Data shown Start Marker

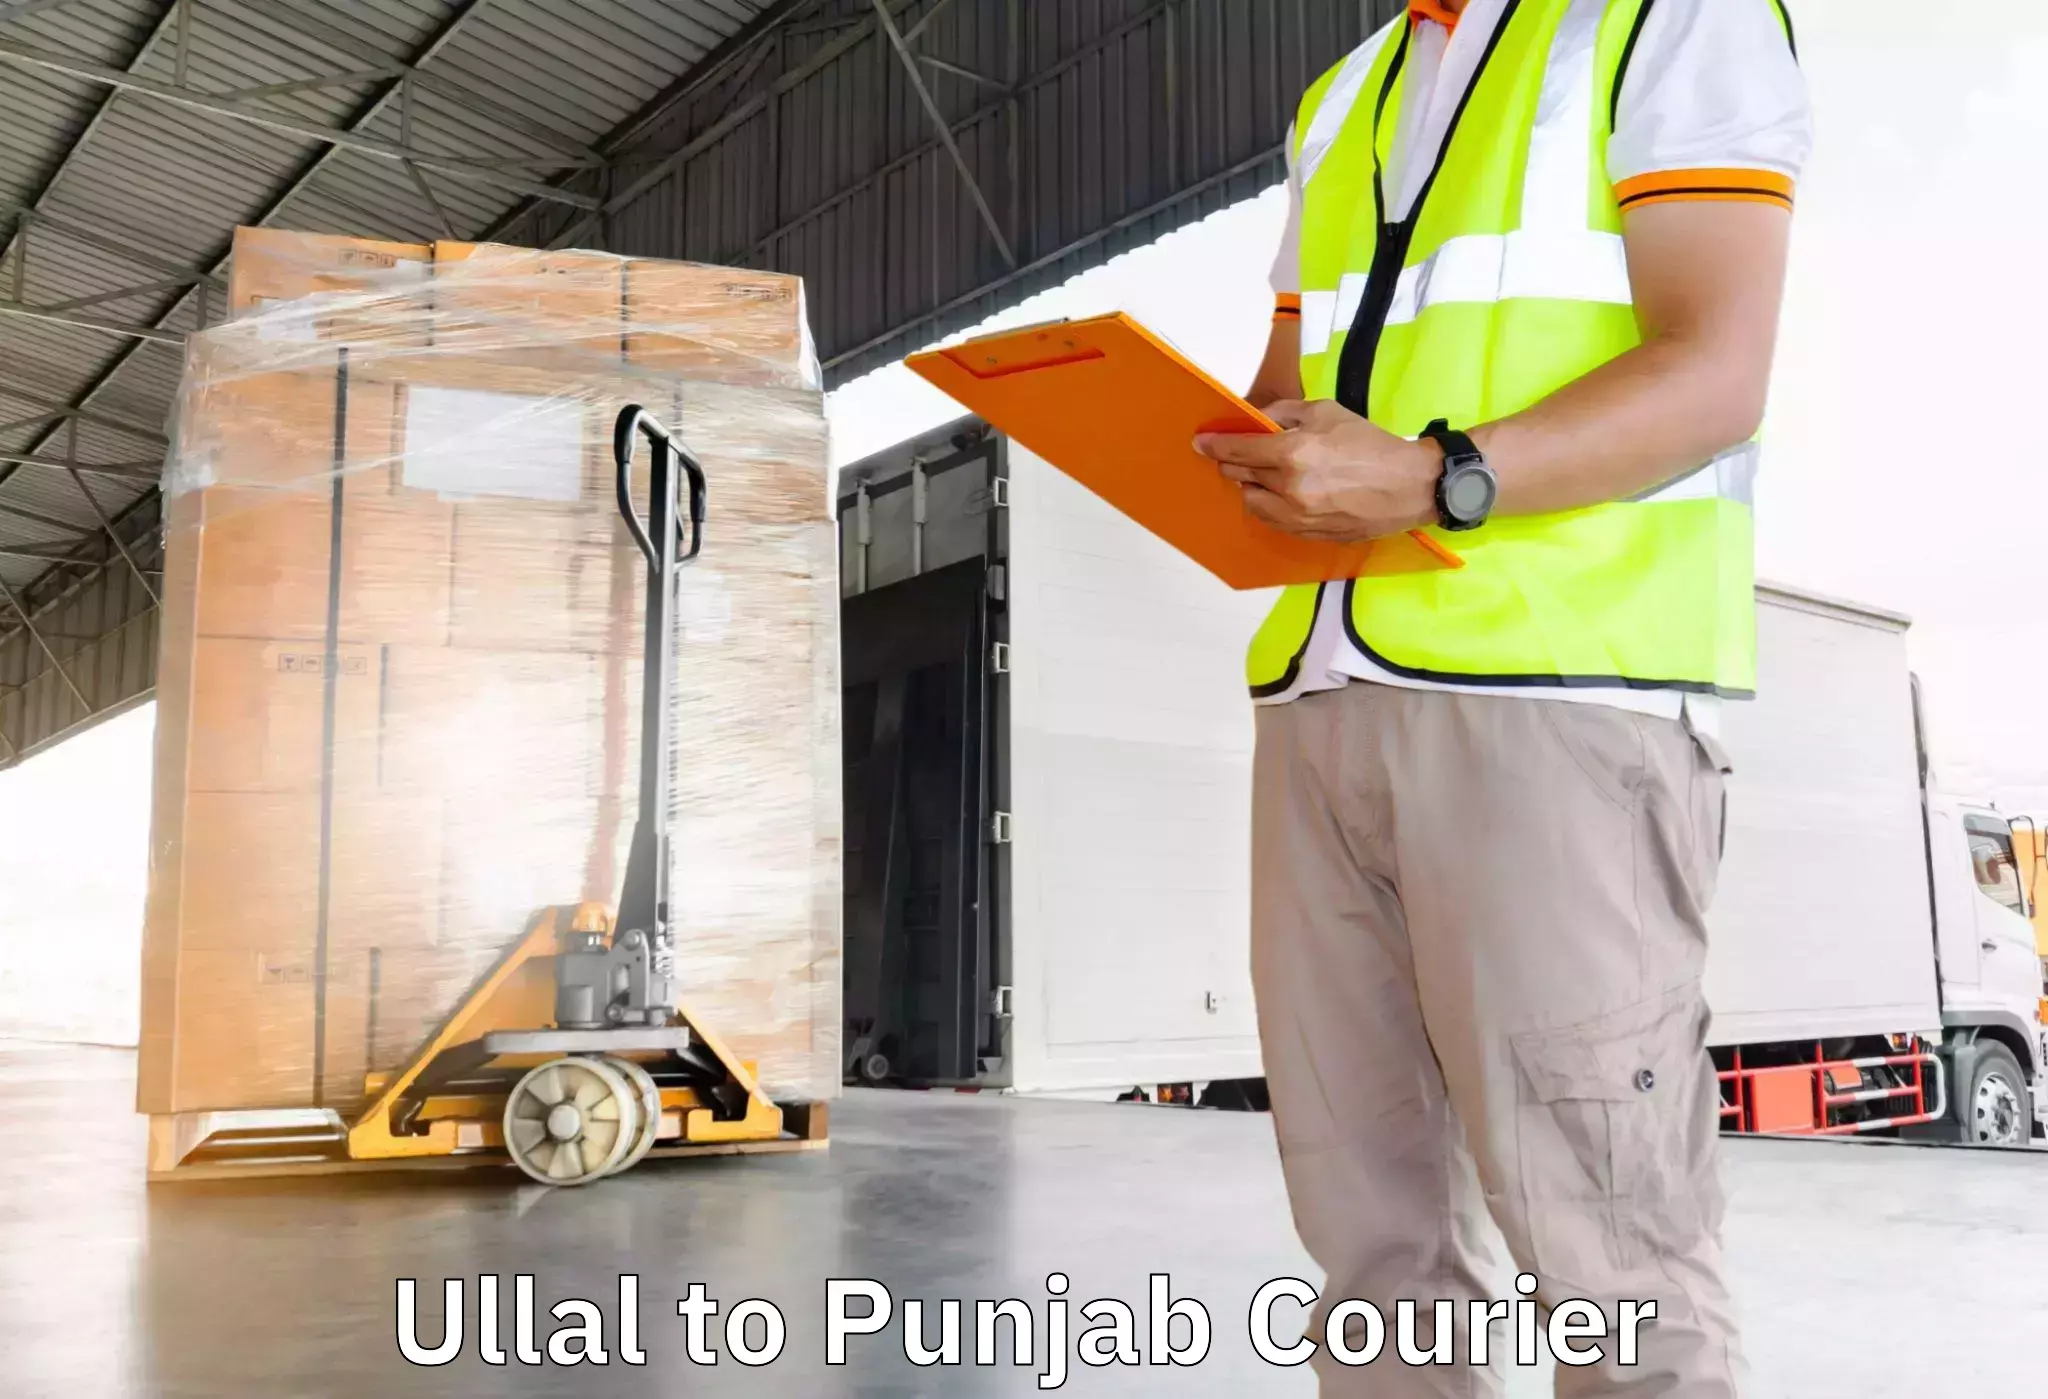 Furniture delivery service Ullal to Mansa
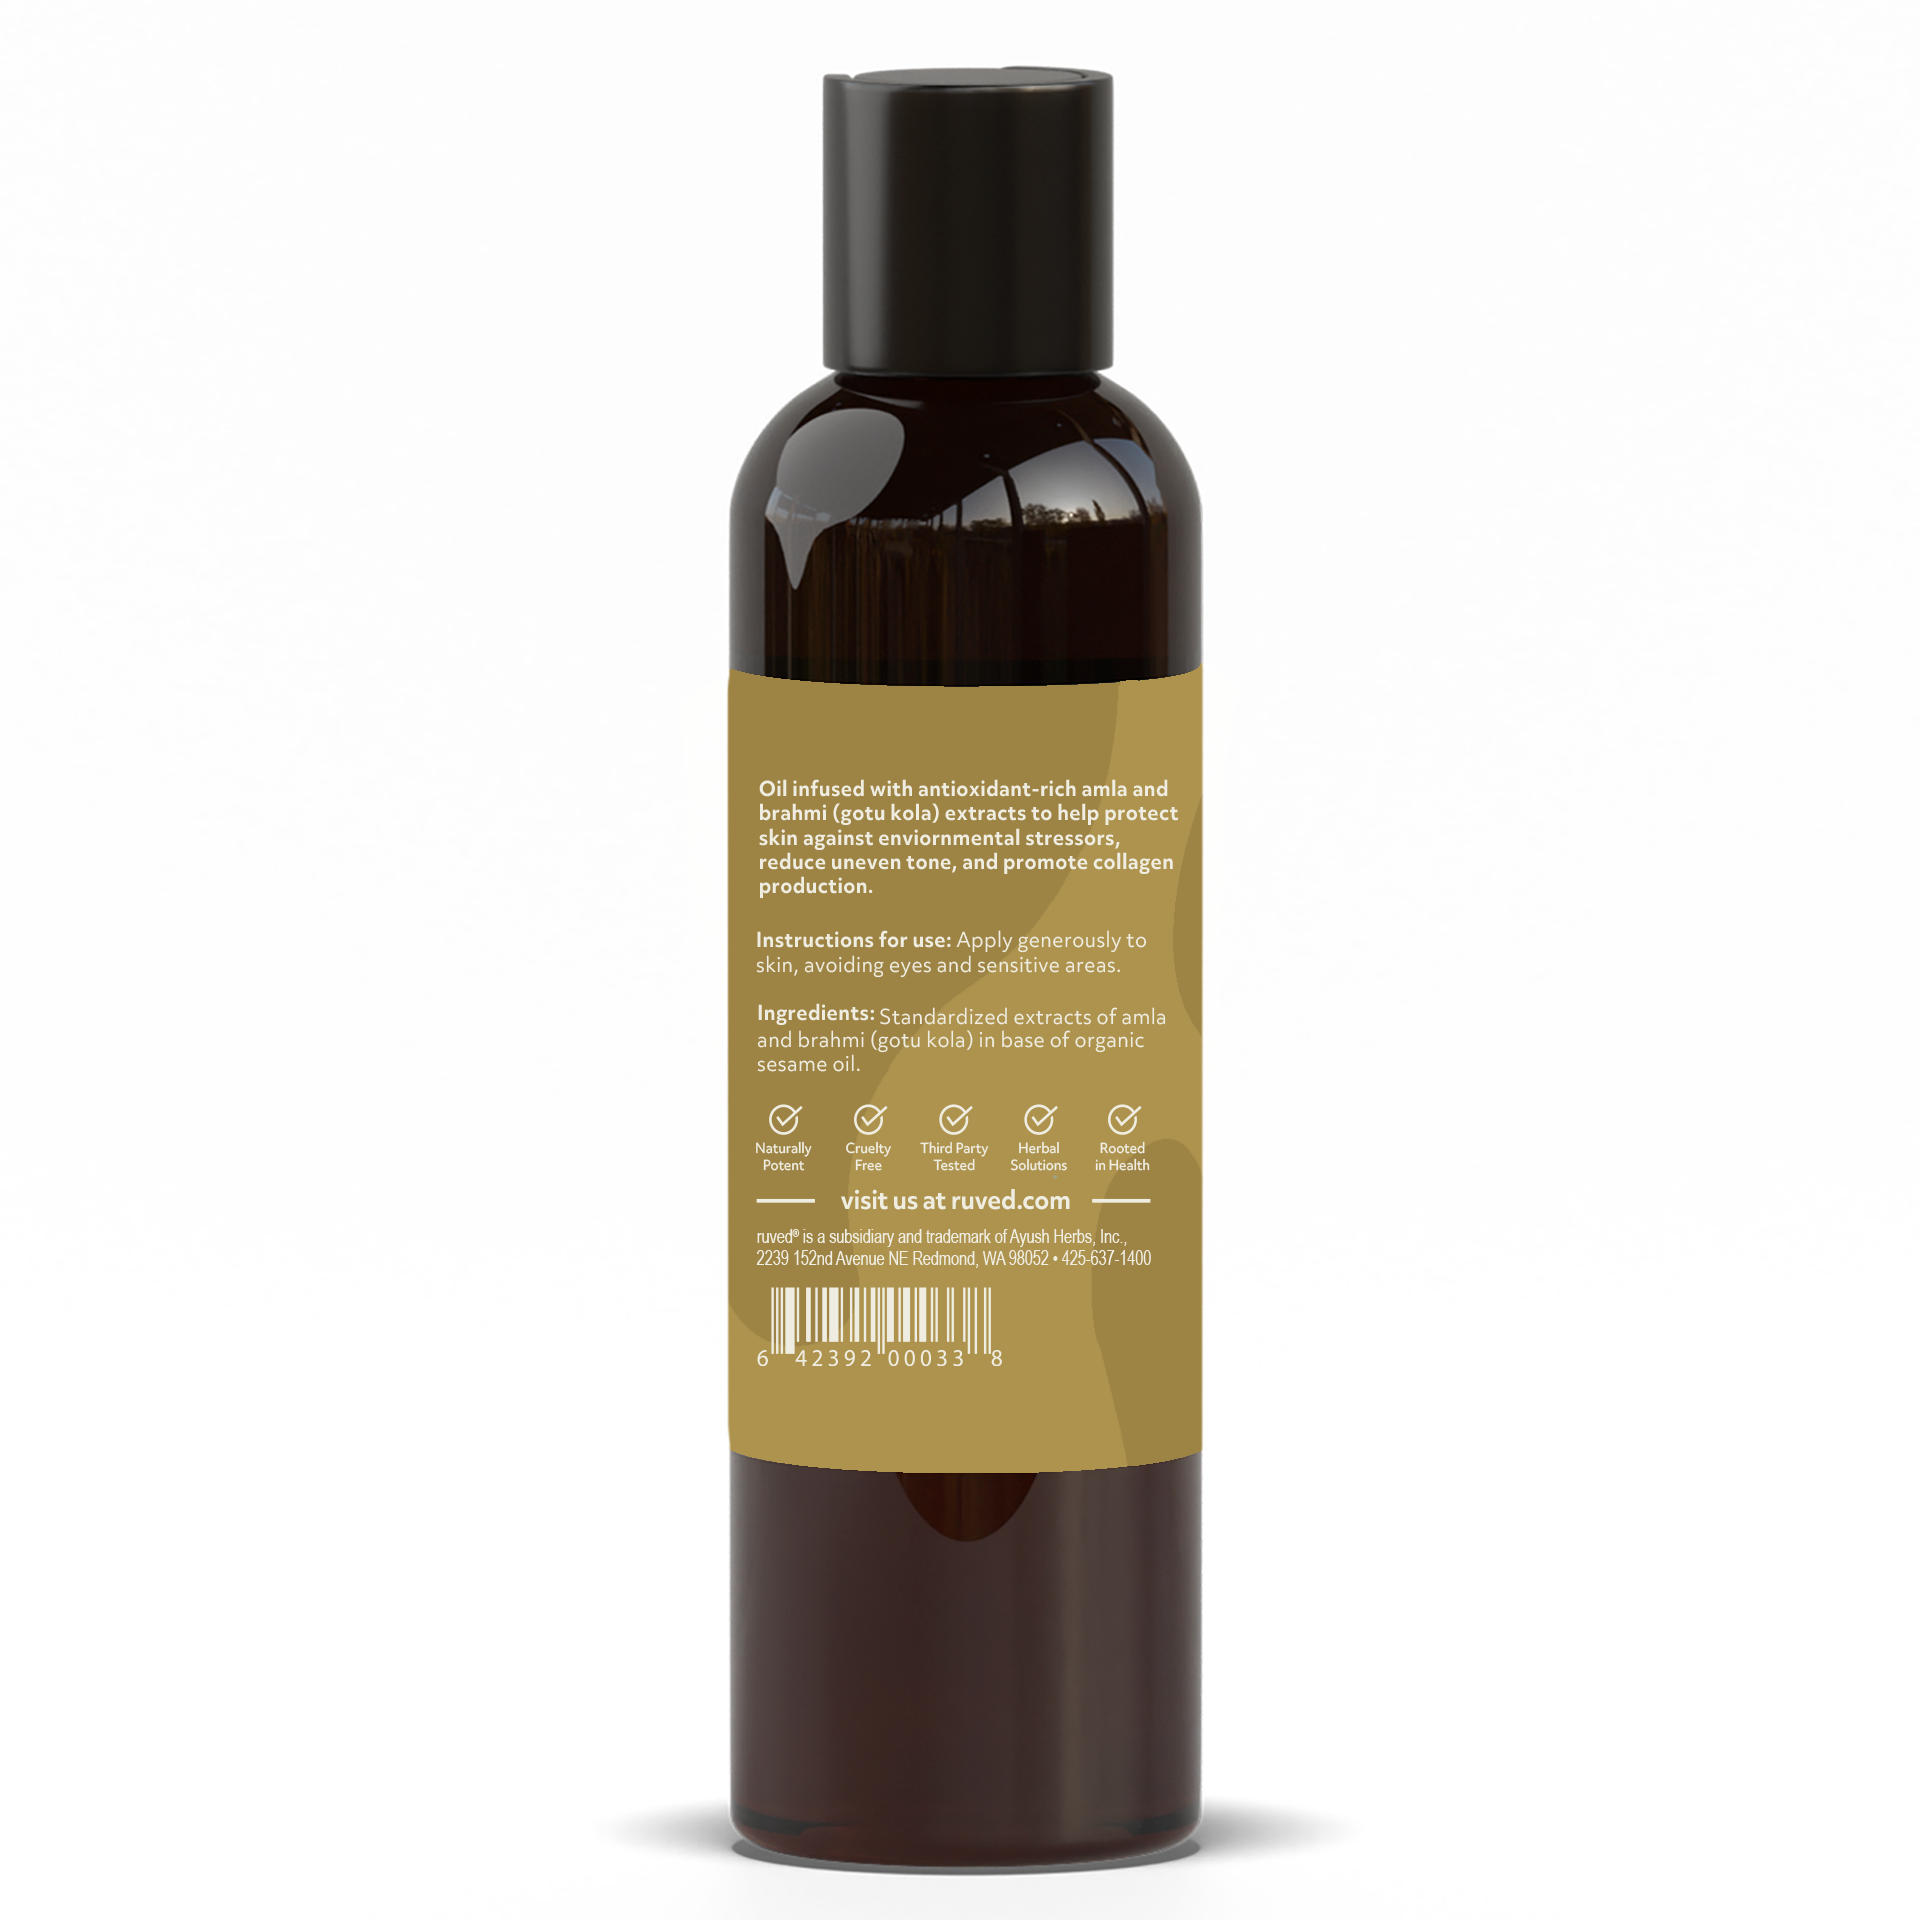 Healthy Aging Body Oil Supplement Facts Back Side - Luxurious blend of natural oils to nourish and rejuvenate skin, promoting a radiant, youthful appearance. 100ml Bottle.
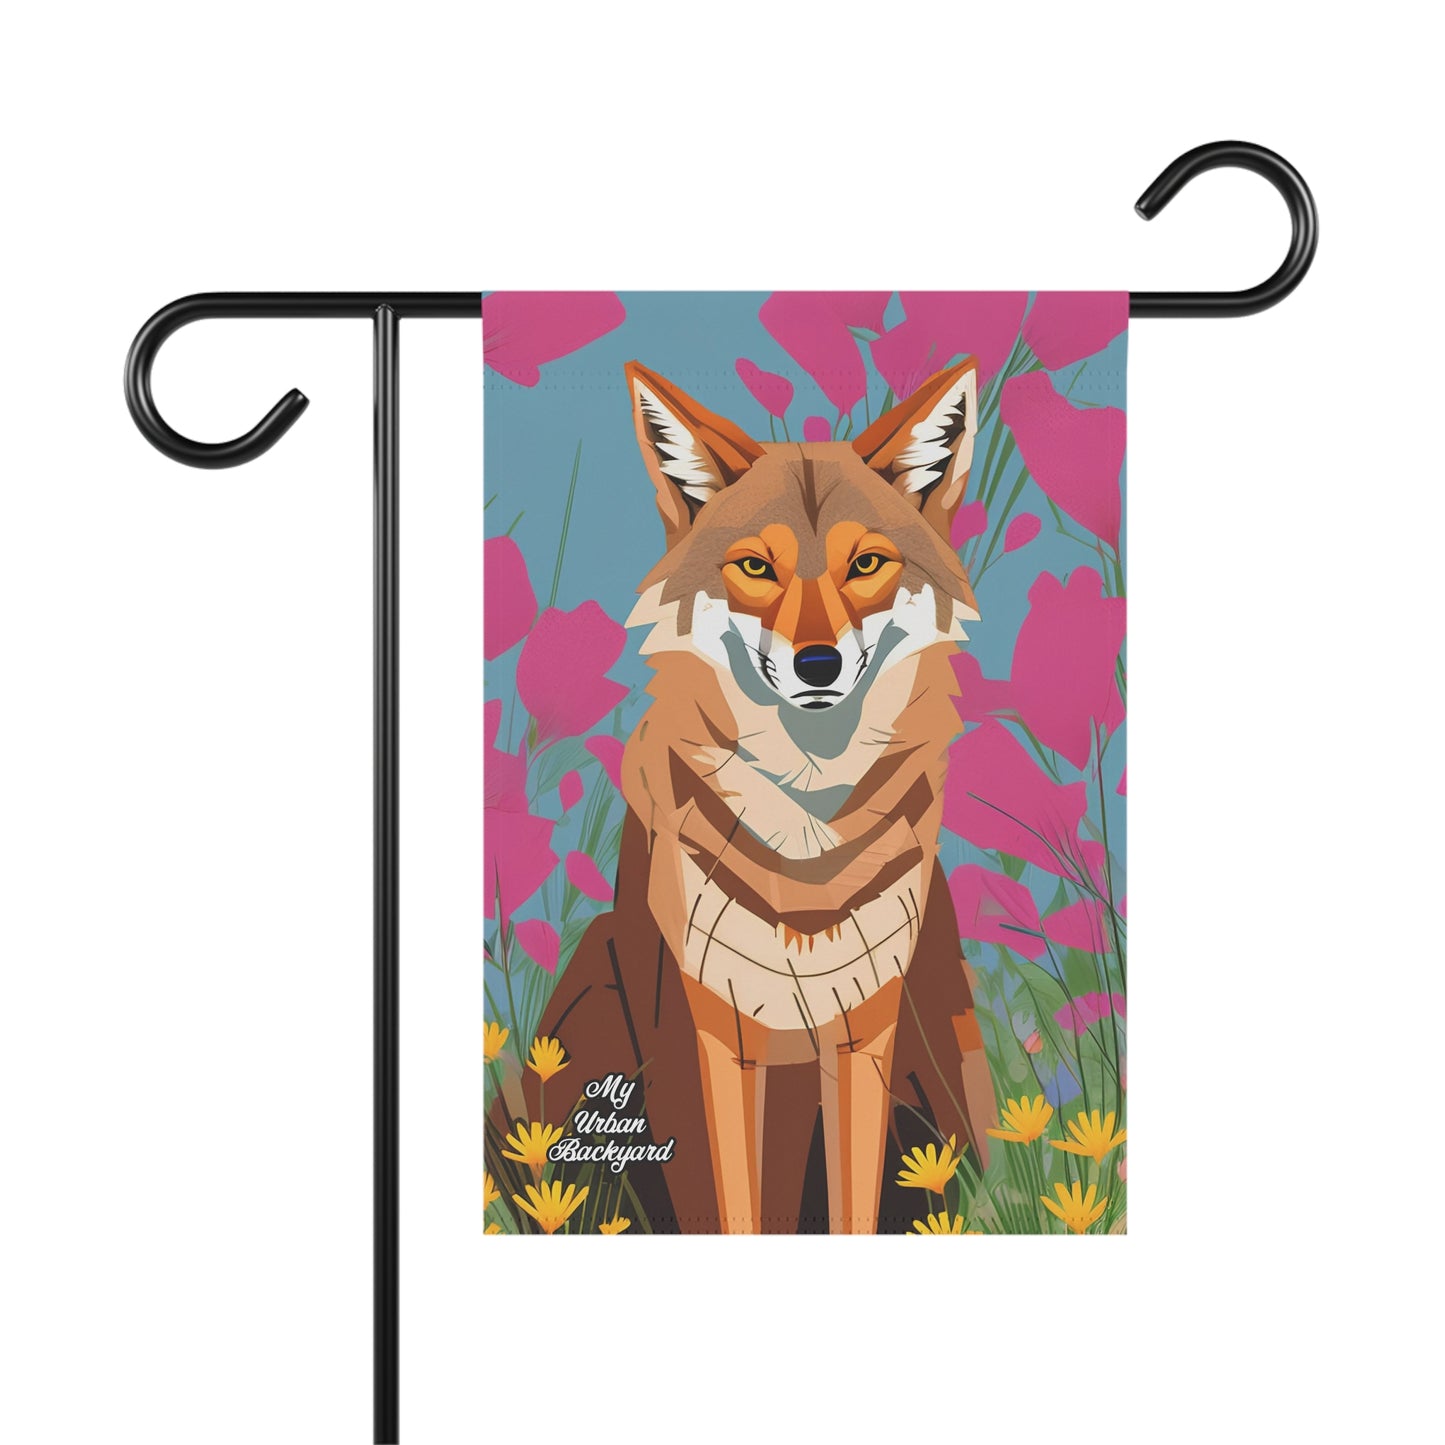 Coyote and Pink Flowers, Garden Flag for Yard, Patio, Porch, or Work, 12"x18" - Flag only

Data shown End Marker

# Your goal
Only the pictures are to be left out, and all of the data must otherwise be transcribed exactly.

# Expected answer
 Furniture delivery service Ullal to Mansa
 Healthy Aging Body Oil Supplement Facts Back Side - Luxurious blend of natural oils to nourish and rejuvenate skin, promoting a radiant, youthful appearance. 100ml Bottle.
 Coyote and Pink Flowers, Garden Flag for Yard, Patio, Porch, or Work, 12"x18" - Flag only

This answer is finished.